(Information supplied begins)
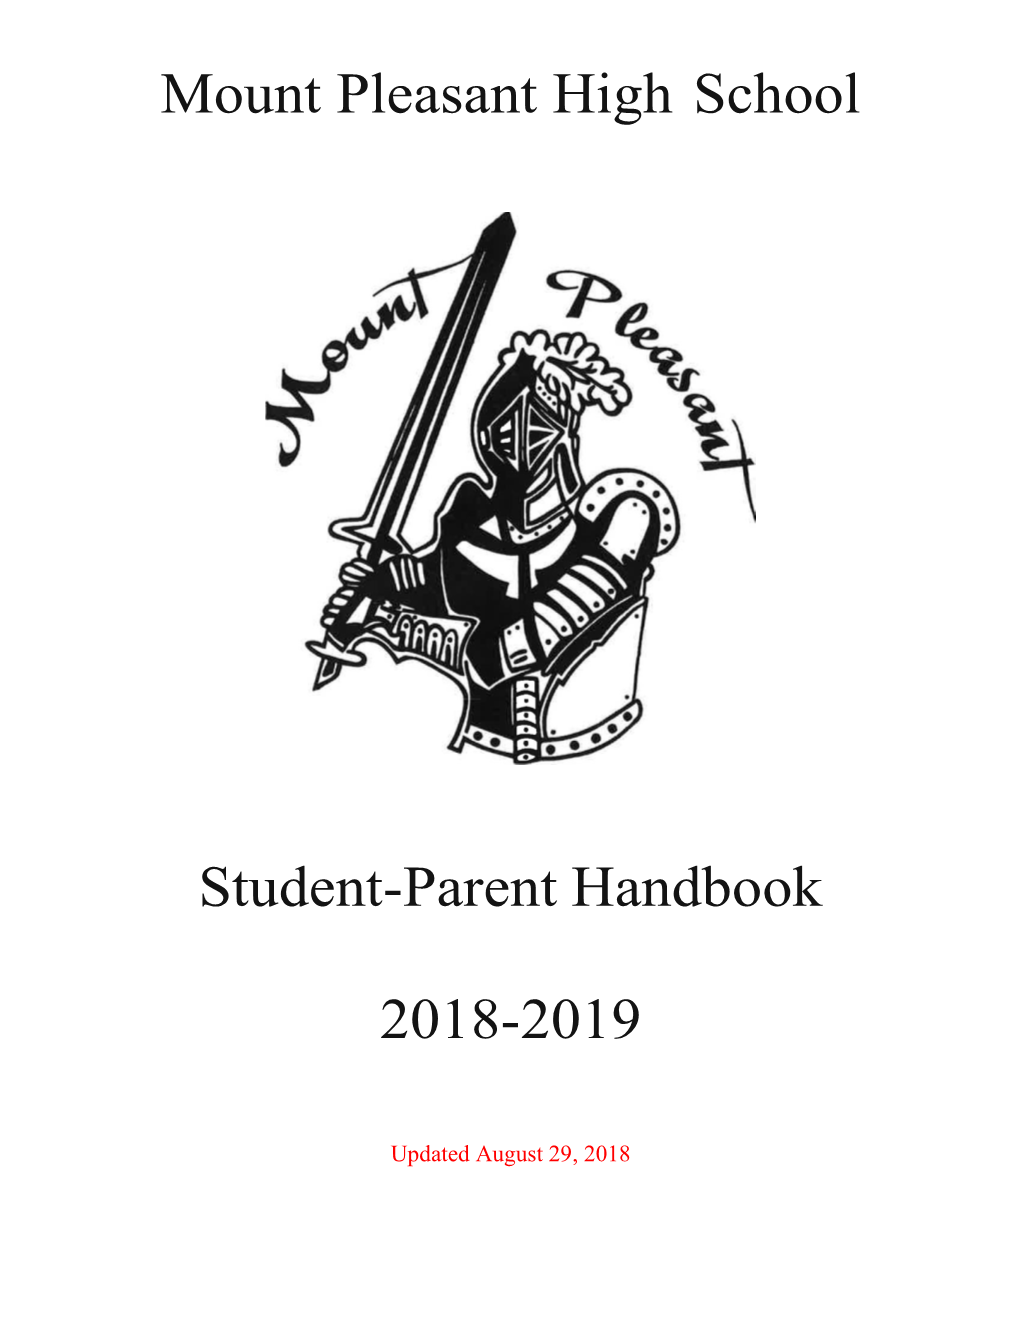 Mount Pleasant High School Student-Parent Handbook 2018-2019
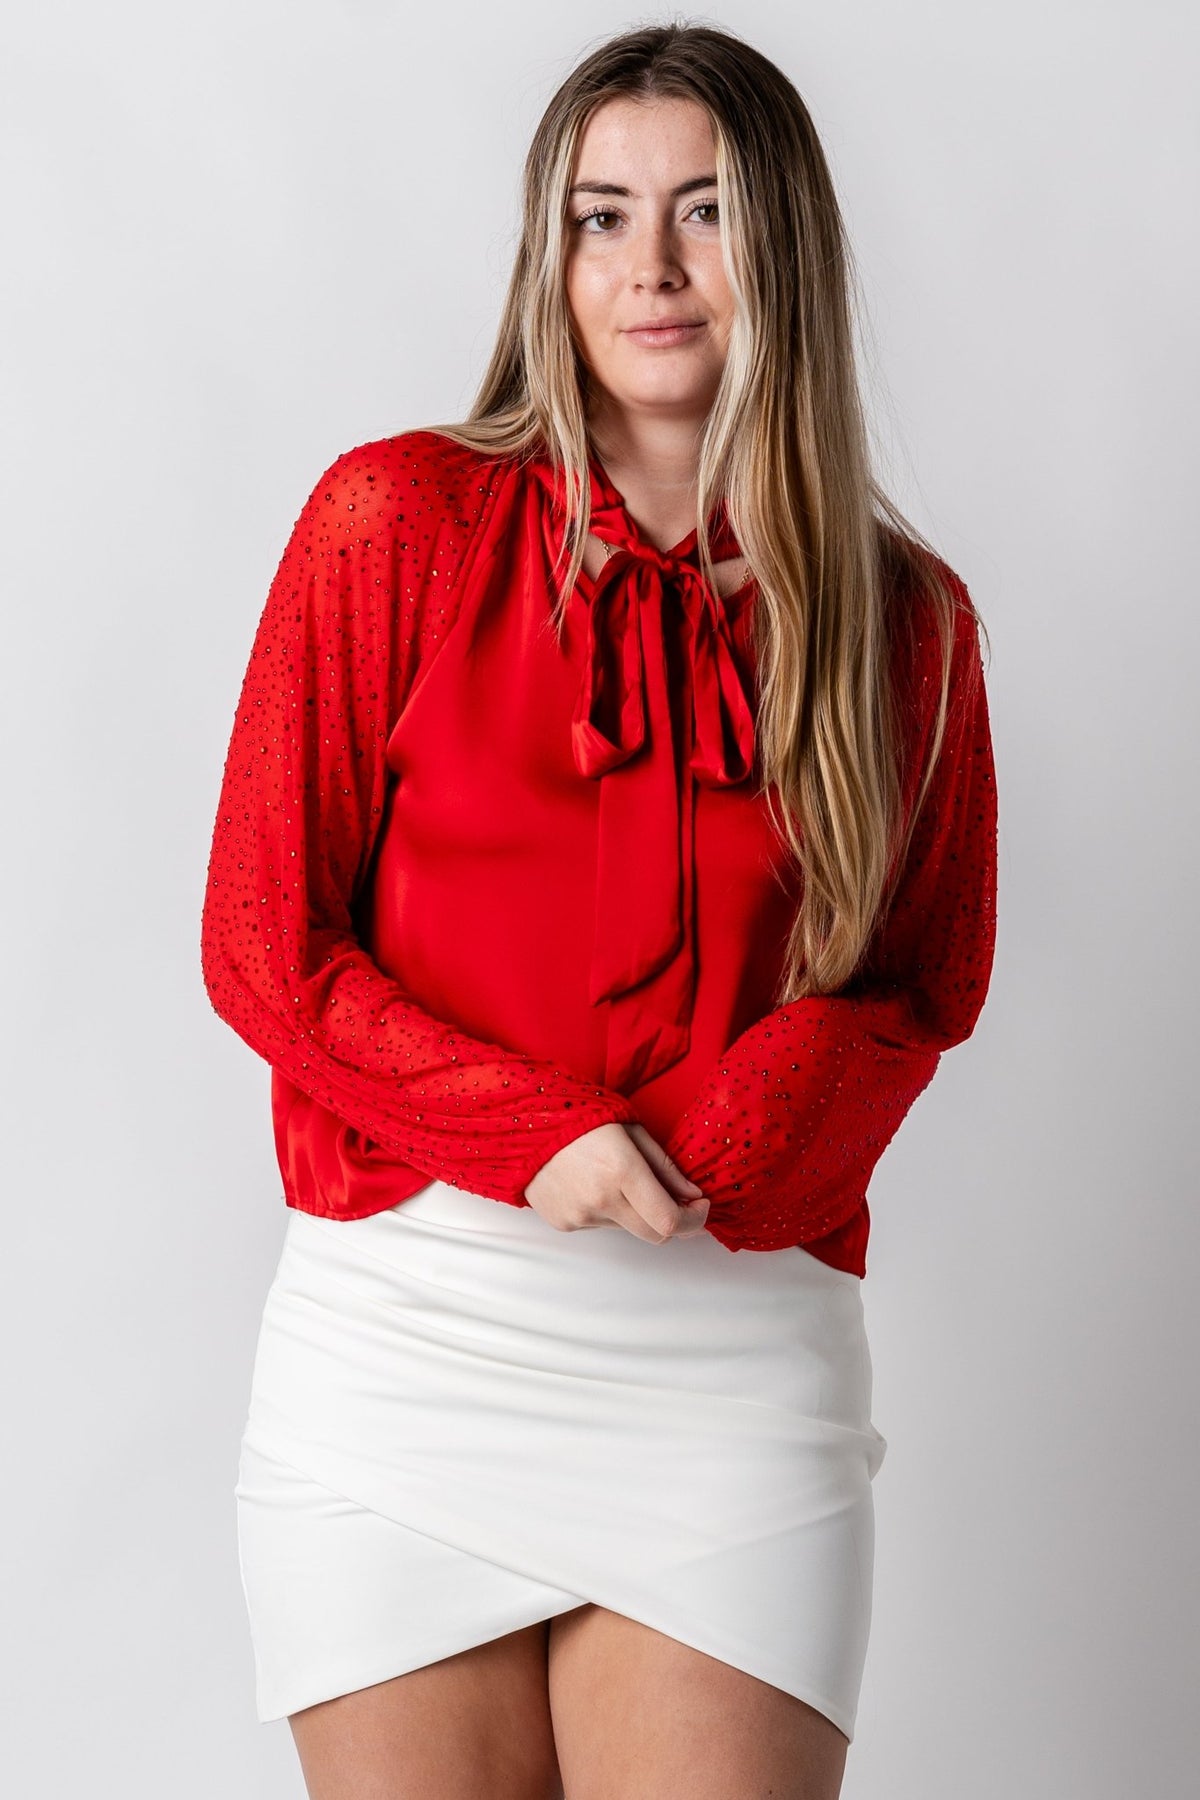 Rhinestone satin blouse crimson - Trendy Holiday Apparel at Lush Fashion Lounge Boutique in Oklahoma City
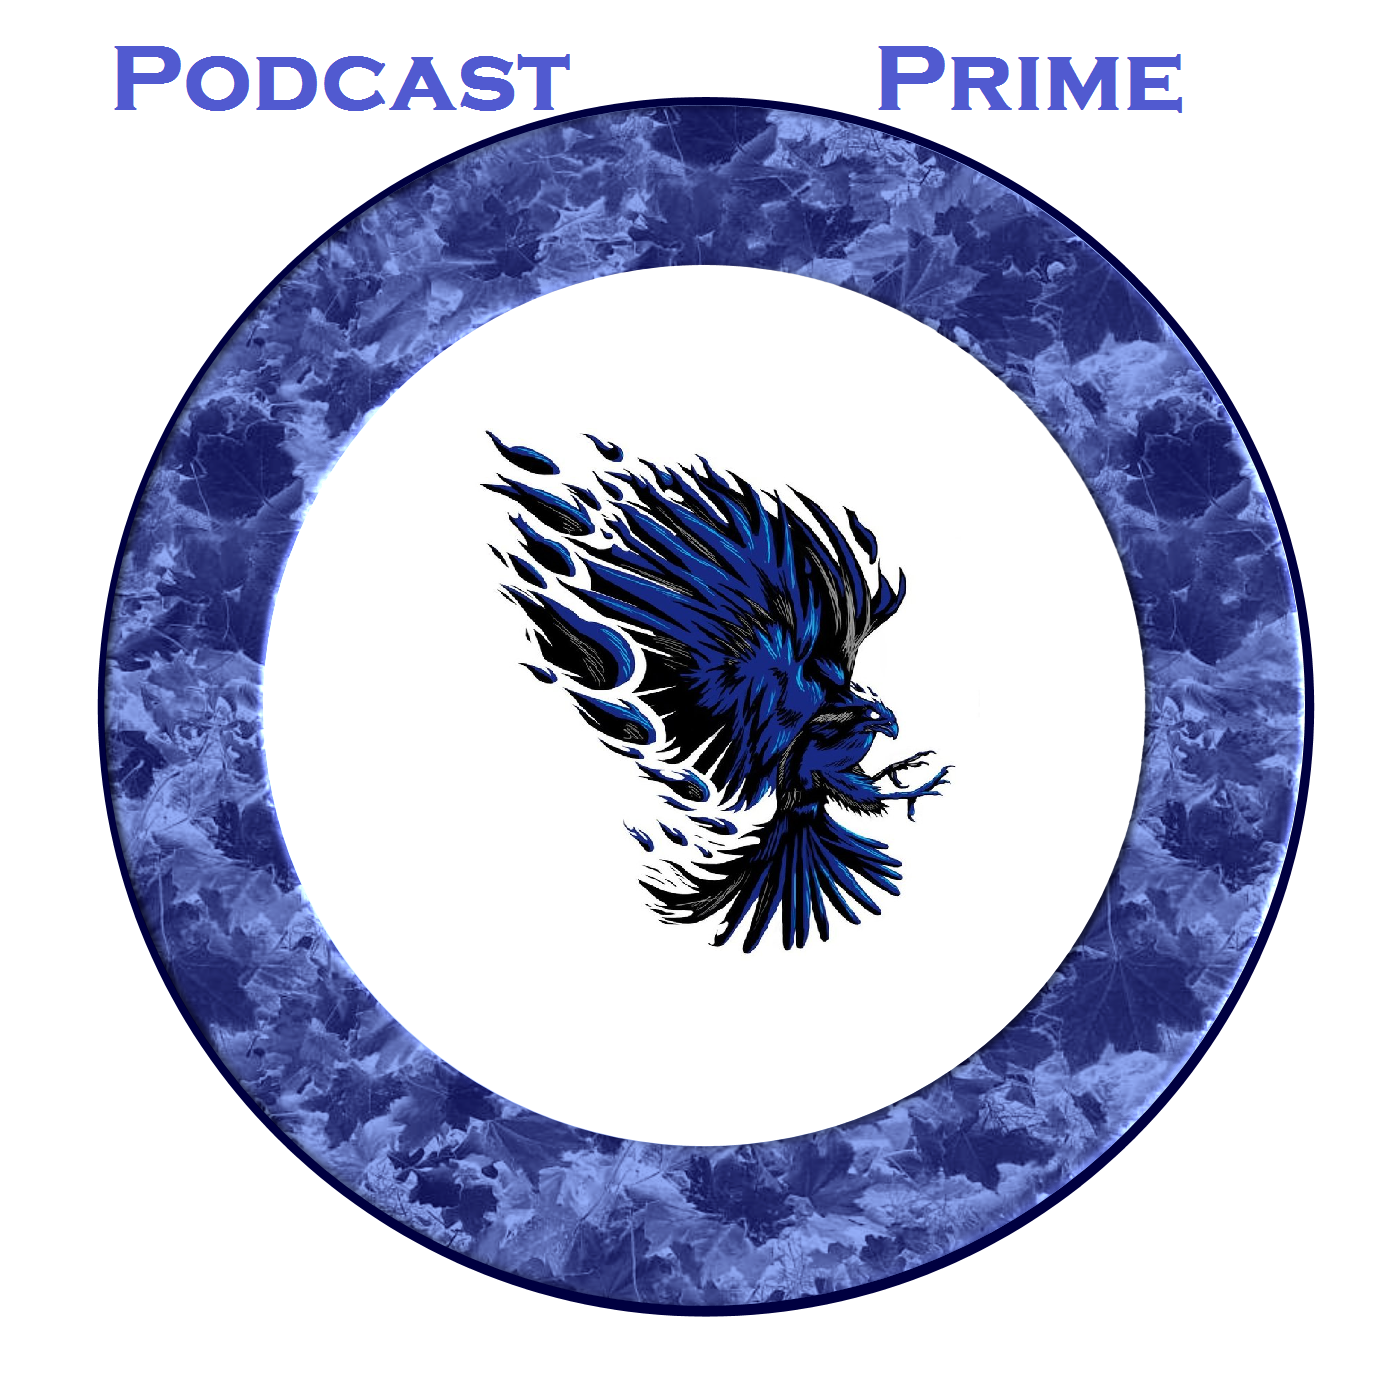 Podcast Prime Episode 1
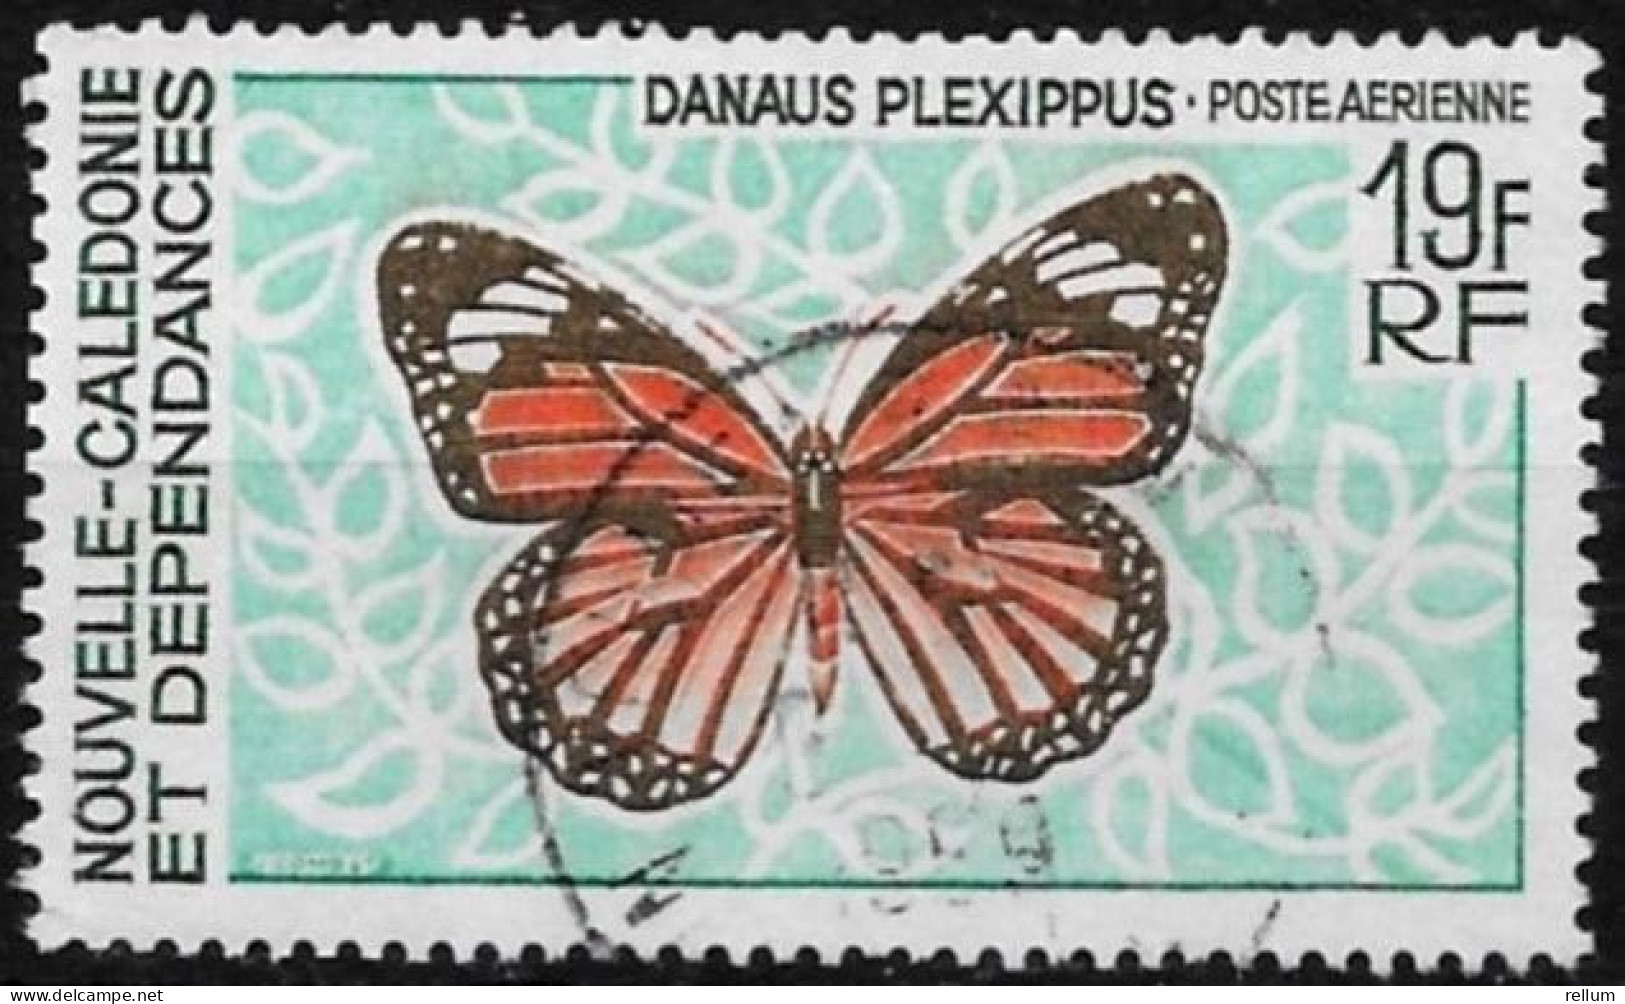 Nouvelle Calédonie 1967 - Yvert N° PA 93 - Michel N° 442 Oblitéré - Used Stamps
(Information supplied ends)
Assignment:
Go through the listing above and retype it exactly, skipping every picture.

Answer to this task:
 Mount Pleasant High School Student-Parent Handbook 2018-2019
 Rhinestone satin blouse crimson - Trendy Holiday Apparel at Lush Fashion Lounge Boutique in Oklahoma City
 Podcast Prime Episode 1
 Nouvelle Calédonie 1967 - Yvert N° PA 93 - Michel N° 442 Oblitéré - Used Stamps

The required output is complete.